Tyrone shared his story in October of 2022.

In October 2015, my brother and I went to our last concert together. We had attended many shows over the years — U2 in England before they were famous, Billy Idol in 1980s California, The Police in Connecticut in the 1990s — but this one was particularly special. As the children of German immigrants, we had been listening to Kraftwerk since our boyhood in Germany in the 1970s. Cliff flew from Tucson, where he was living at the time, to Connecticut for the Boston show and crashed at my place afterward. He woke up the next morning complaining about pain in his lower back. It was a few months before he was diagnosed with the cancer that ultimately claimed his life. 

Cliff loved to hike in the mountains around Tucson. A few years earlier, we had even hiked the Grand Canyon rim to rim in one day. But now, at 48 years old, he was experiencing back pain while hiking. He figured it was sciatica, and his doctor agreed. Over time, though, it kept getting worse, so in early 2016, he went in for scans. That’s when they discovered a large mass at the base of Cliff’s spine. 
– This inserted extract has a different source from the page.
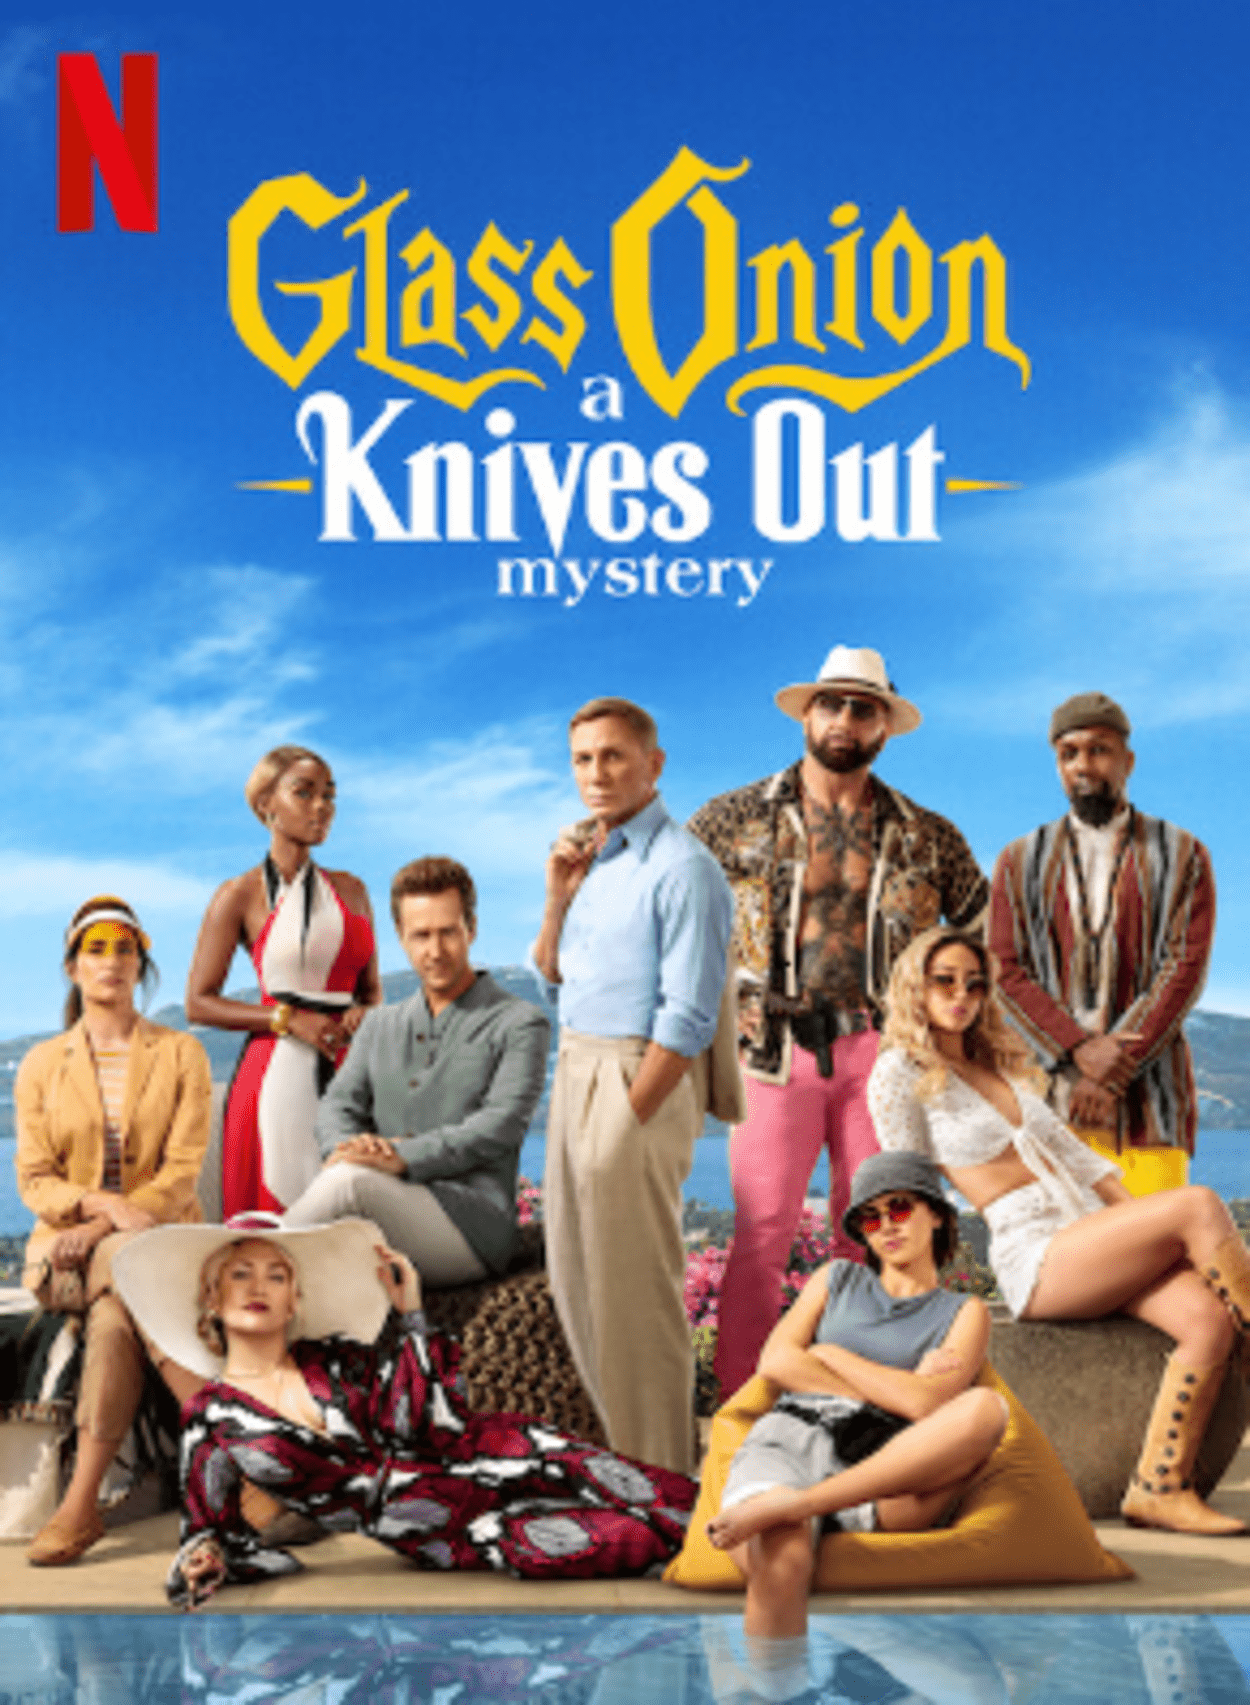 Where Was Glass Onion: A Knives Out Mystery’ Filmed?

I was with Cliff when he had his first meeting with his oncologist and received his diagnosis: chondrosarcoma, a rare type of bone cancer. For Cliff, it began in his cartilage. Unfortunately, chondrosarcoma doesn’t respond well to radiation or chemotherapy. The only effective way to treat it is surgery. And the position of Cliff’s tumor required extensive and complicated surgery. 

Cliff traveled to the world-class MD Anderson Cancer Center in Houston, where he underwent 26 hours of surgery to remove the tumor and the right half of his pelvis, which also had to be reconstructed. He expected two or three months of recovery and rehabilitation. Instead, he nearly died from a hematoma and experienced several serious infections, resulting in a nine-month hospitalization. The lengthy hospitalization in turn caused Cliff to lose his job, his girlfriend, his apartment and his car. 

Then, prior to being discharged, Cliff was informed that the cancer had returned. 

Having nothing to go back to in Tucson, Cliff left Houston in May of 2017 and moved in with me in Ellington, Connecticut. He was facing a slow death — chondrosarcoma has no cure and metastasizes at a slow rate, so Cliff knew that he would decline bit by bit for years before dying. 

What had started as occasional mild sciatic pain now infiltrated every moment of his every day. Cliff was on a high volume of medications to prevent infection and manage the ever-present and increasing pain, and the meds further undermined his quality of life. I don’t know how many hundreds of times I heard him vomiting due to nausea from his medications. The meds also affected his ability to sleep, even to think. 

Cliff had always been someone who deeply cherished his freedom and independence. He had led his life the way he wanted to. He lived and traveled all over the world, was a passionate amateur photographer, never married or had kids. At one point, Cliff lived in Portland, Oregon, where medical aid in dying was authorized for terminally ill people, and it bothered him that he didn’t have that option here in Connecticut. The years he lived here with me, there were ongoing efforts to pass aid-in-dying legislation; he followed them closely. 

In May of 2021, after four years of tumor growth, increasing health problems and constant significant pain, Cliff suffered an infection that required hospitalization. After that, it was no longer feasible for him to live with me, and he moved into a nursing home. Then, in late July, he entered hospice care. 

I was with him when he signed the paperwork for hospice services and discussed his end-of-life care. Cliff told me then that if he still lived in Oregon, he would likely choose to die peacefully using aid in dying. He did not want to continue to be subject to the pain he had endured, and he wanted the legal option to make a decision about the end of his life. It was the last thing he hoped to control after losing so much. 

Cliff passed away in hospice care on September 19, 2021. He was 54 years old. 

To me, the important thing about this legislation is that it would give people like Cliff an option, one they wouldn’t have to choose if they didn’t want to. But it would be there for them if they needed and wanted it. I can give you the freedom to choose something, but if I give you only two options when there are actually 10, is that really freedom of choice? 

Lacking that freedom of choice, my brother suffered for far longer than he should have or wanted.